→ Data for processing:
-- -- --
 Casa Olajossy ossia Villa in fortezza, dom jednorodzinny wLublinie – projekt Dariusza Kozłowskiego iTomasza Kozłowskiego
-- -- --
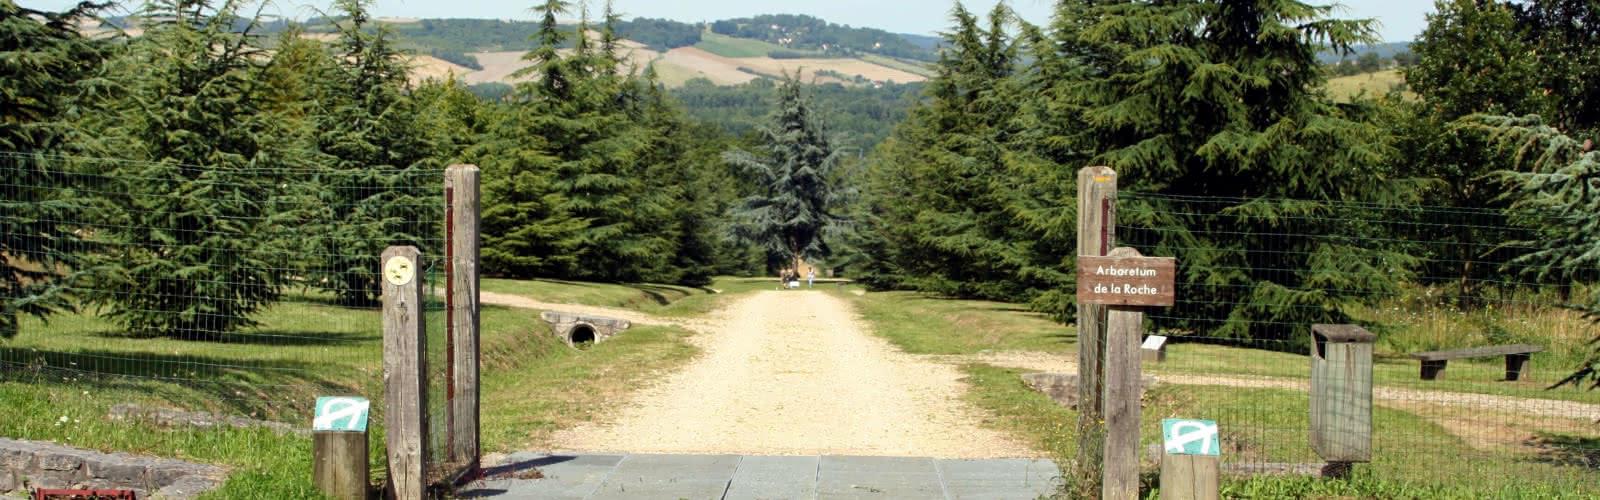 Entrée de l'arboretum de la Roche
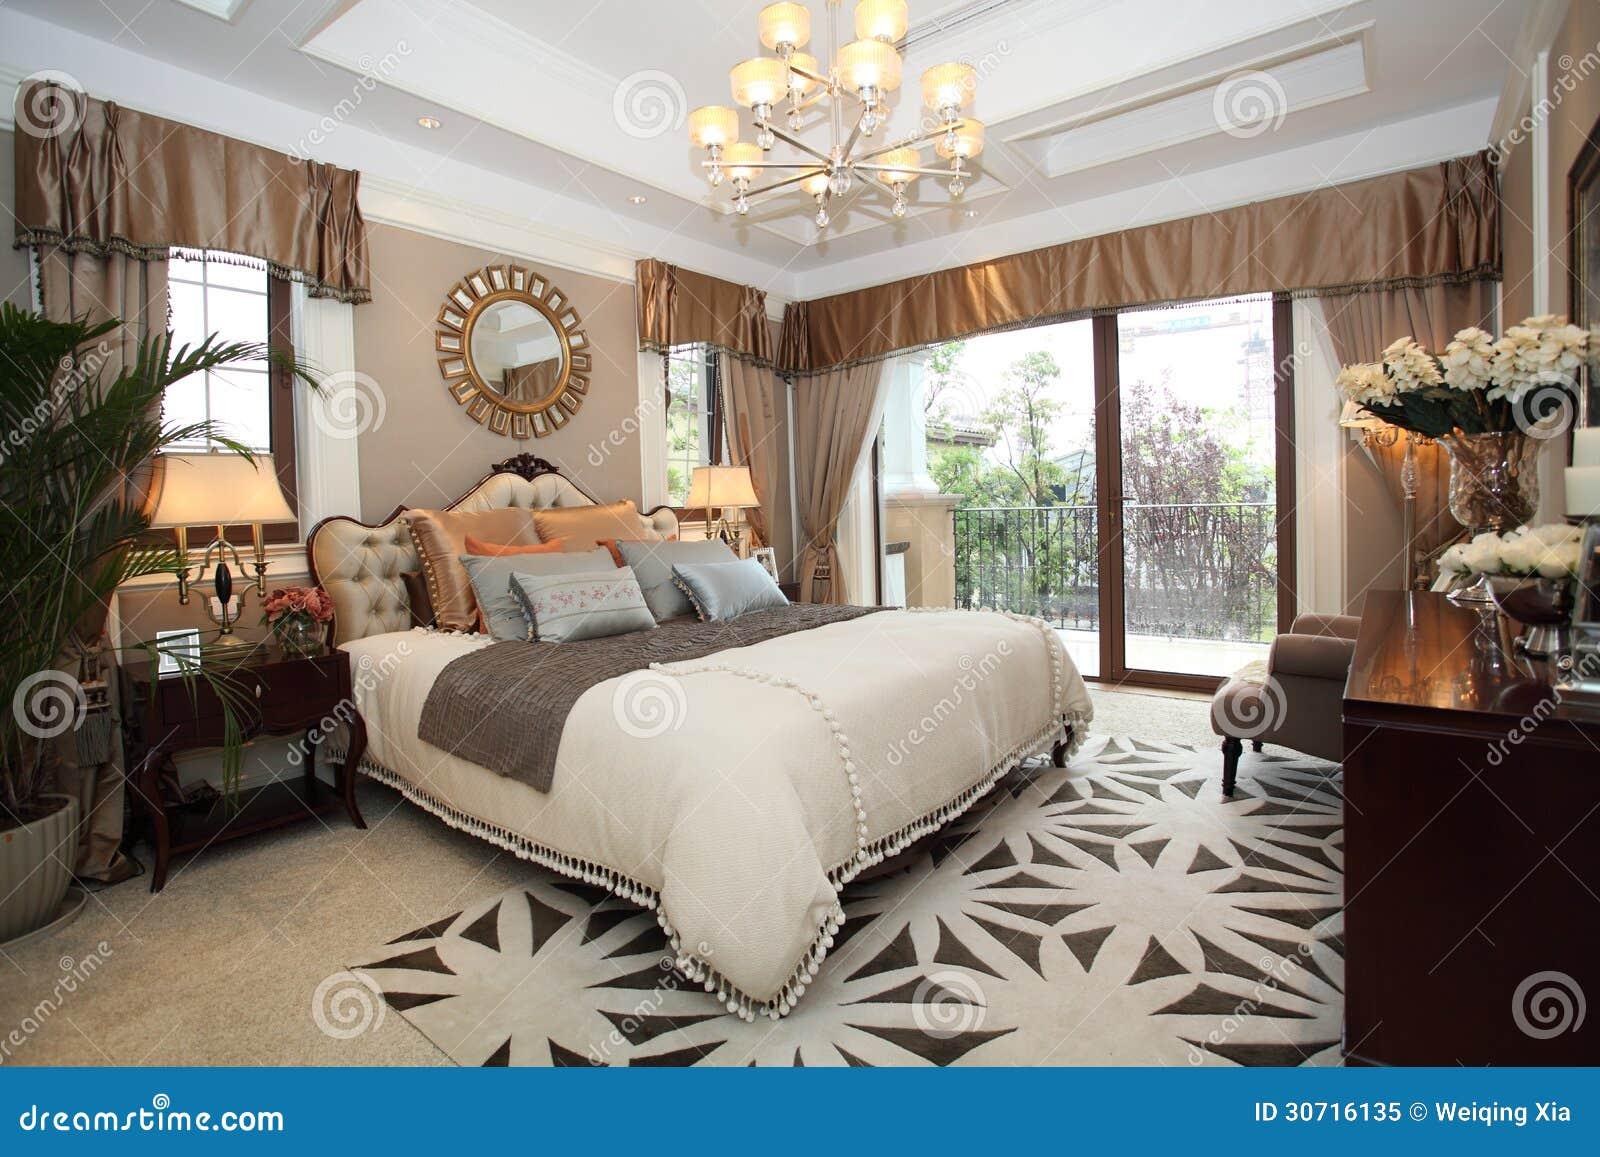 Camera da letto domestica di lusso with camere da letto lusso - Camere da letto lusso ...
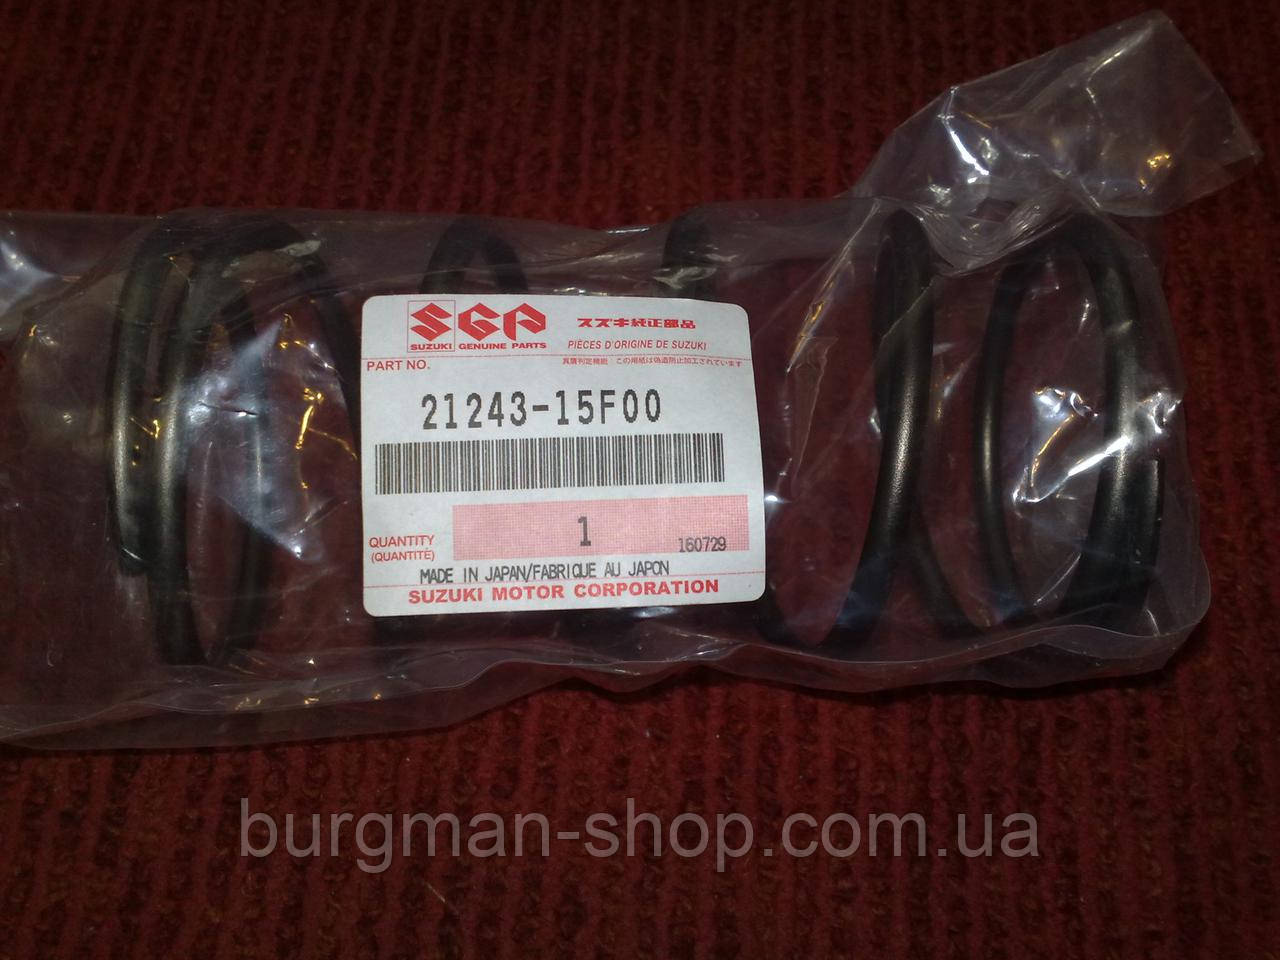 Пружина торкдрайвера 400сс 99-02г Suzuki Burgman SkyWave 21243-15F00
-- -- --
→ Directions for this task: Find the line with "Camera da letto" and the line with "Пружина торкдрайвера 400сс" in the records above. Copy both and all lines between them exactly, without pictures.

→ Answer to the problem:
 Camera da letto domestica di lusso with camere da letto lusso - Camere da letto lusso ...
 Пружина торкдрайвера 400сс 99-02г Suzuki Burgman SkyWave 21243-15F00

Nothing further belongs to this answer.